Task details: Without the pictures, write the listing below out again, line for line.

Information supplied:

# # # # # # #

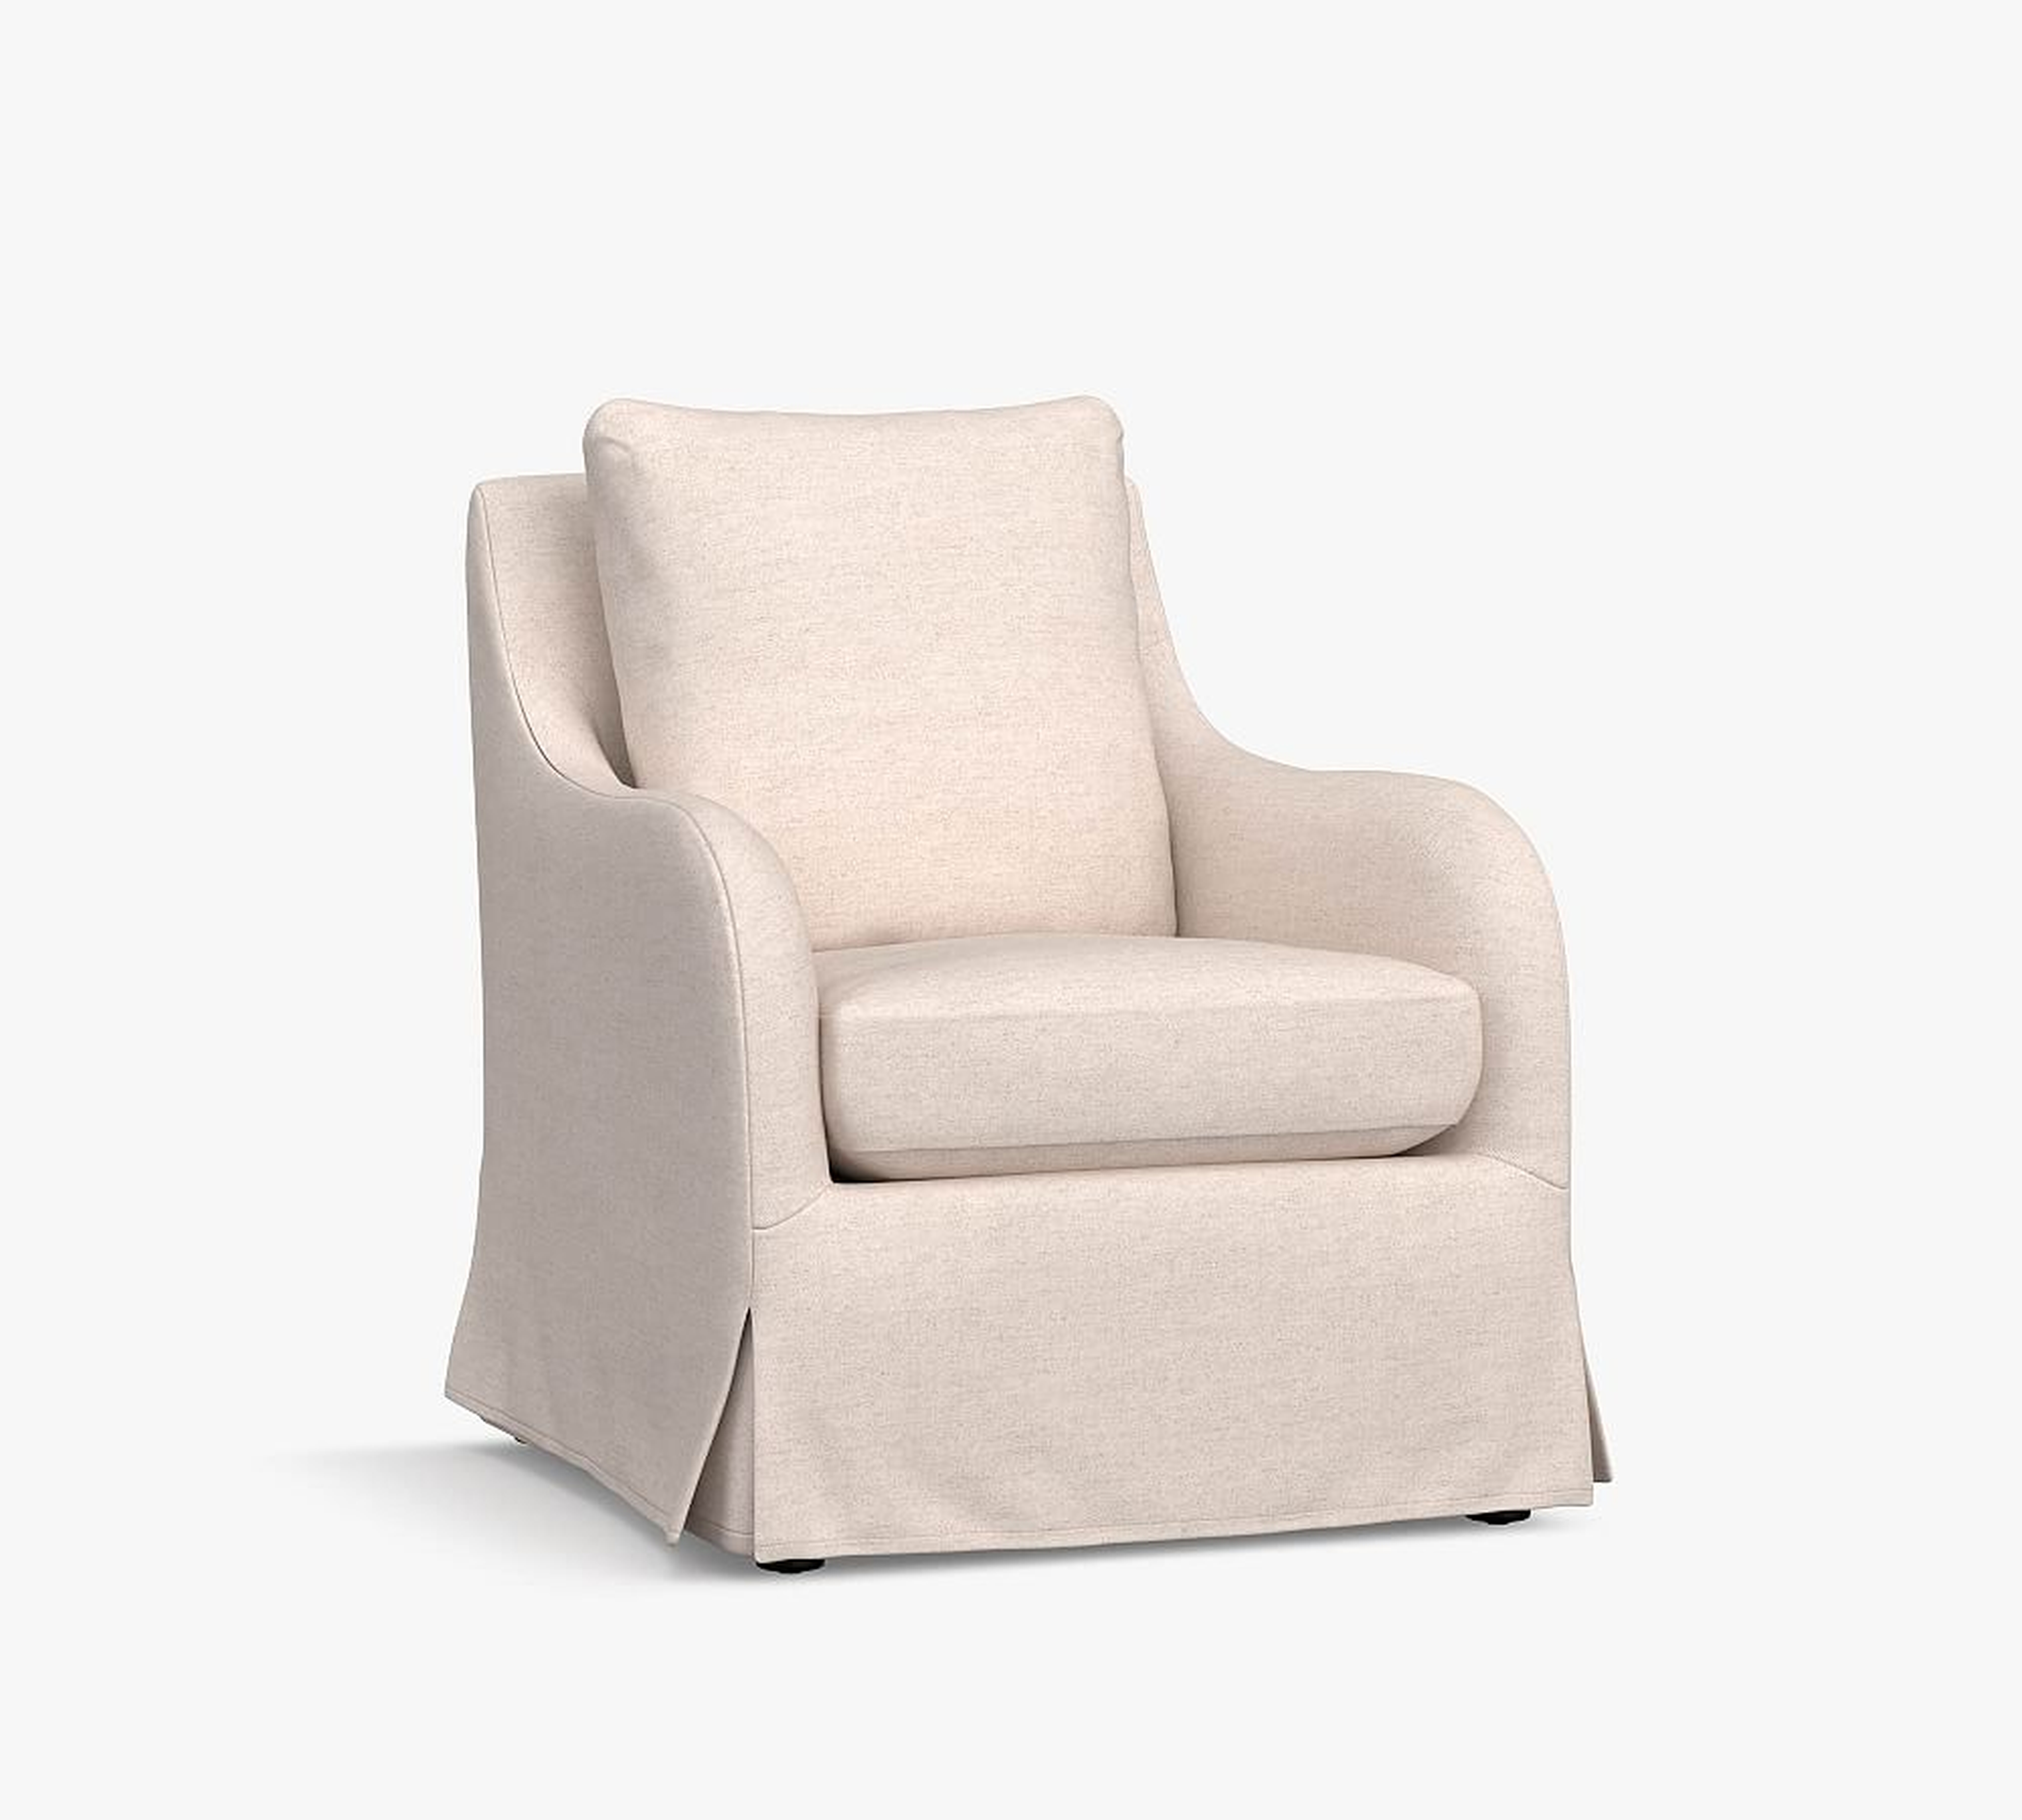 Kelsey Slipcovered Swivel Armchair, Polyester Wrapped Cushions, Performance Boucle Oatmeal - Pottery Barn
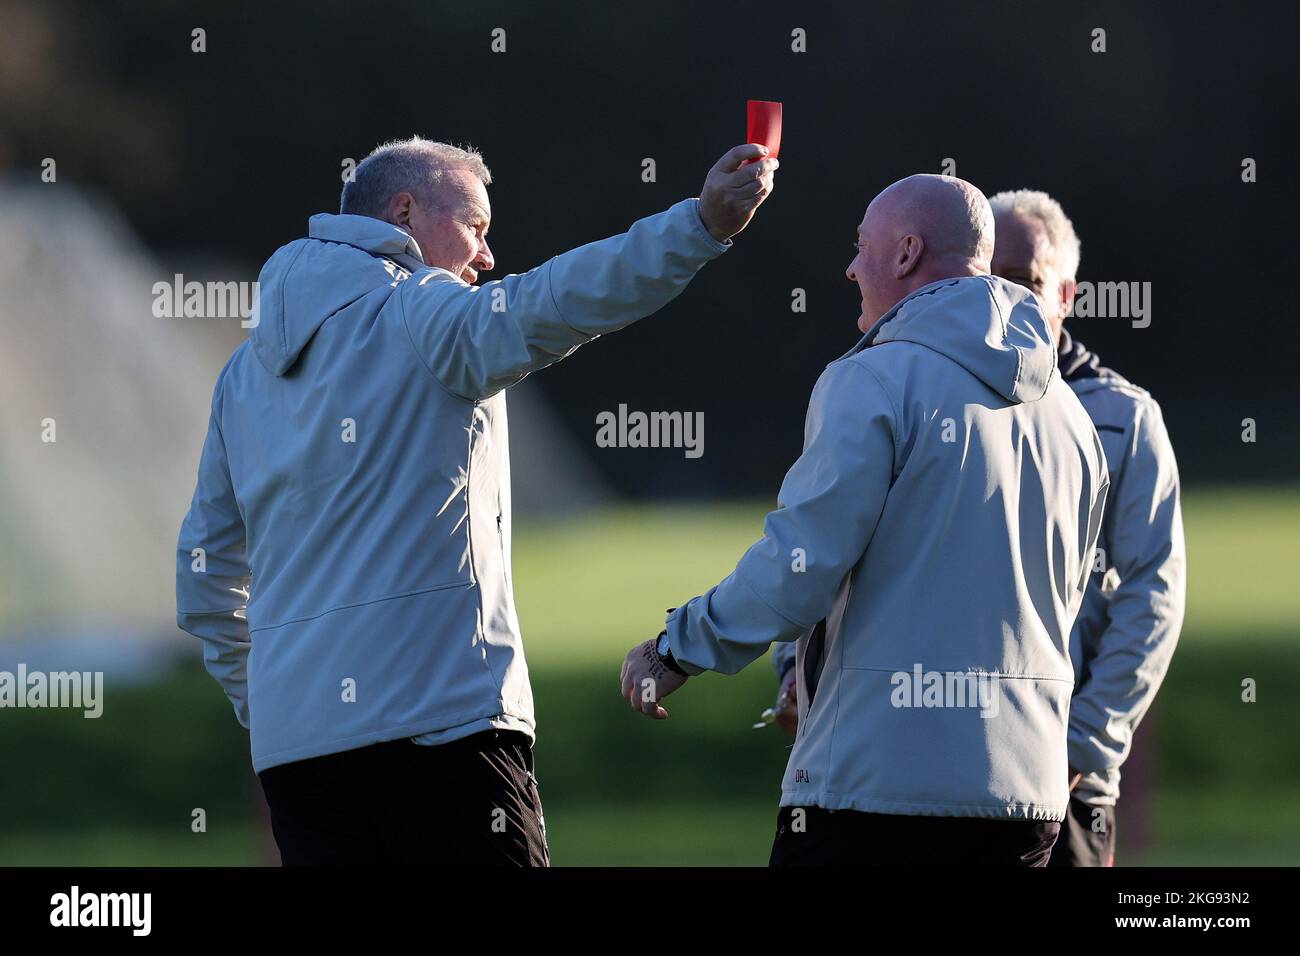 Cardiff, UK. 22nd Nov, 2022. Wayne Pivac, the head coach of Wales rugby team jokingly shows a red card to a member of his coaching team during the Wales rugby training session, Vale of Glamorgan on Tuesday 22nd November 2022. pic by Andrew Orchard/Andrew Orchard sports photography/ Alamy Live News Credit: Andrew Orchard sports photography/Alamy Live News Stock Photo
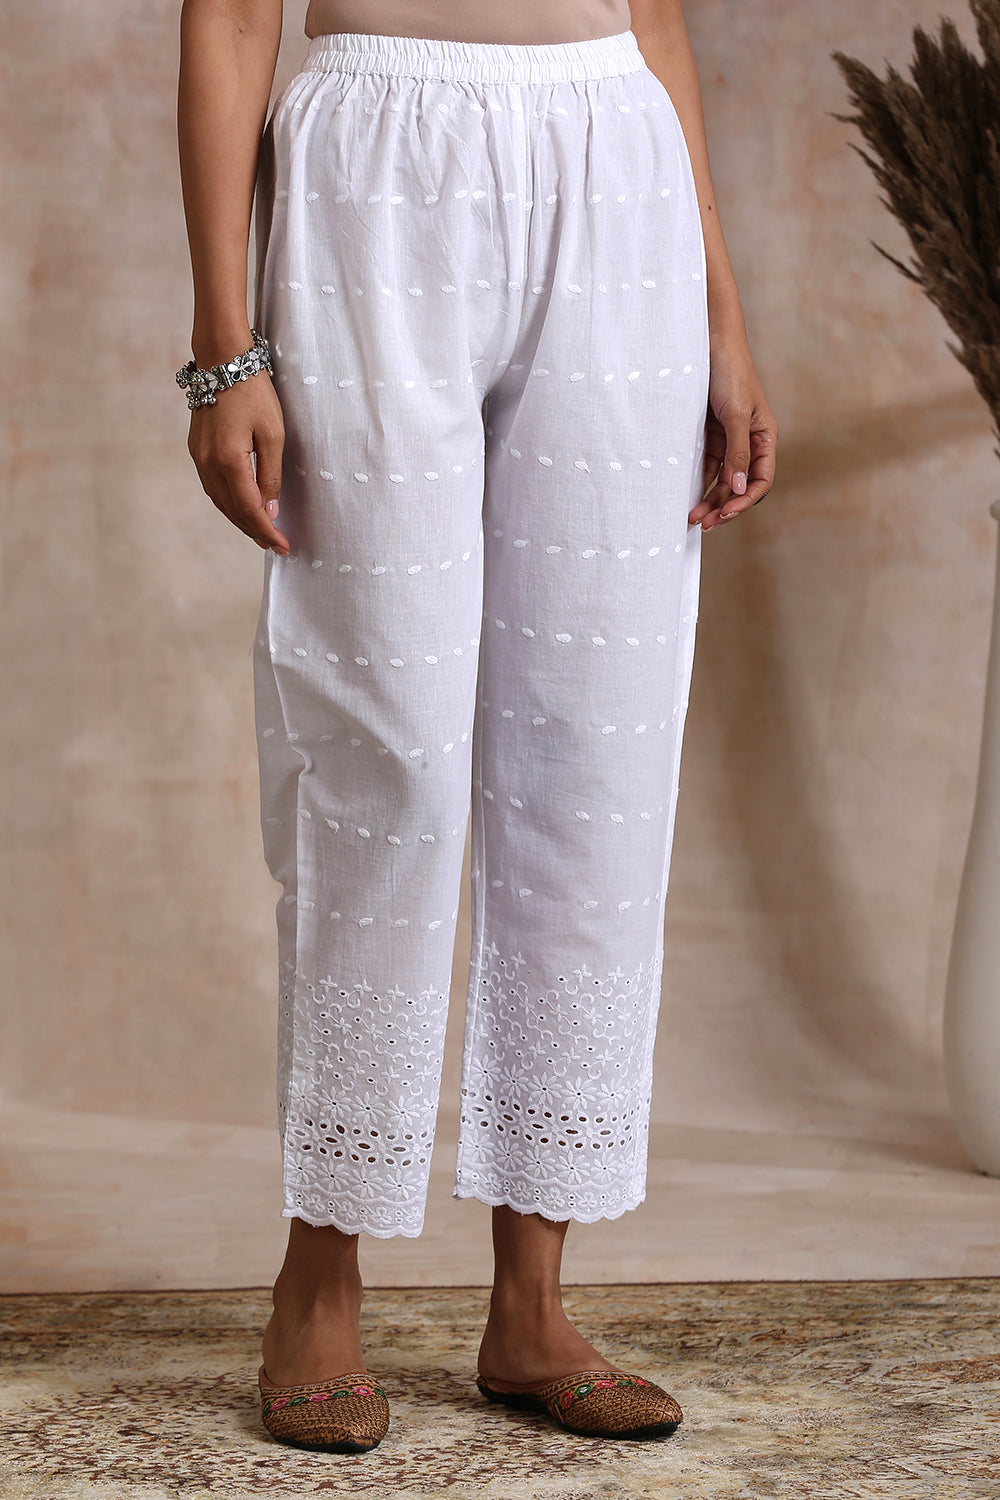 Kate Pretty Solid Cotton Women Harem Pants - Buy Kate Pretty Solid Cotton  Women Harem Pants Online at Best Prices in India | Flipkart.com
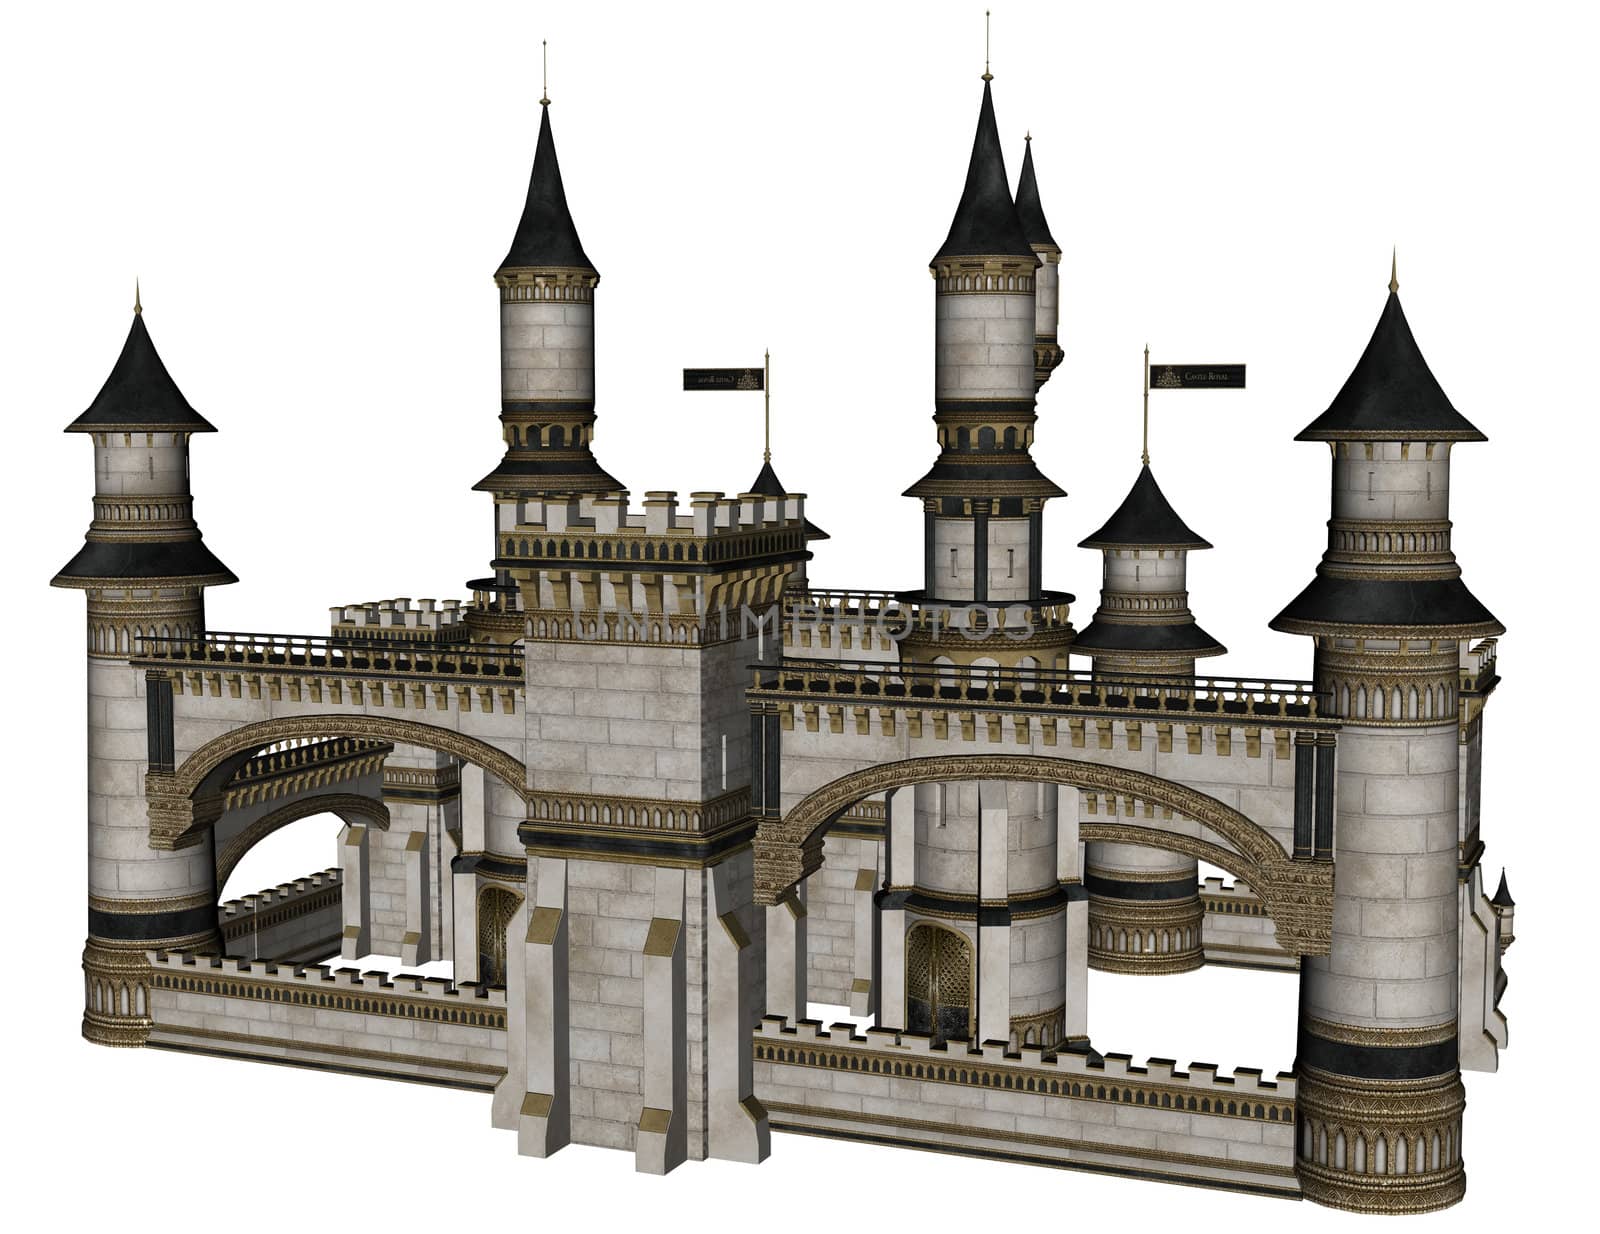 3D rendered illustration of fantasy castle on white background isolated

# # # # # # #

Answer area:
 Kelsey Slipcovered Swivel Armchair, Polyester Wrapped Cushions, Performance Boucle Oatmeal - Pottery Barn
 Cardiff, UK. 22nd Nov, 2022. Wayne Pivac, the head coach of Wales rugby team jokingly shows a red card to a member of his coaching team during the Wales rugby training session, Vale of Glamorgan on Tuesday 22nd November 2022. pic by Andrew Orchard/Andrew Orchard sports photography/ Alamy Live News Credit: Andrew Orchard sports photography/Alamy Live News Stock Photo
 Kate Pretty Solid Cotton Women Harem Pants - Buy Kate Pretty Solid Cotton  Women Harem Pants Online at Best Prices in India | Flipkart.com
 3D rendered illustration of fantasy castle on white background isolated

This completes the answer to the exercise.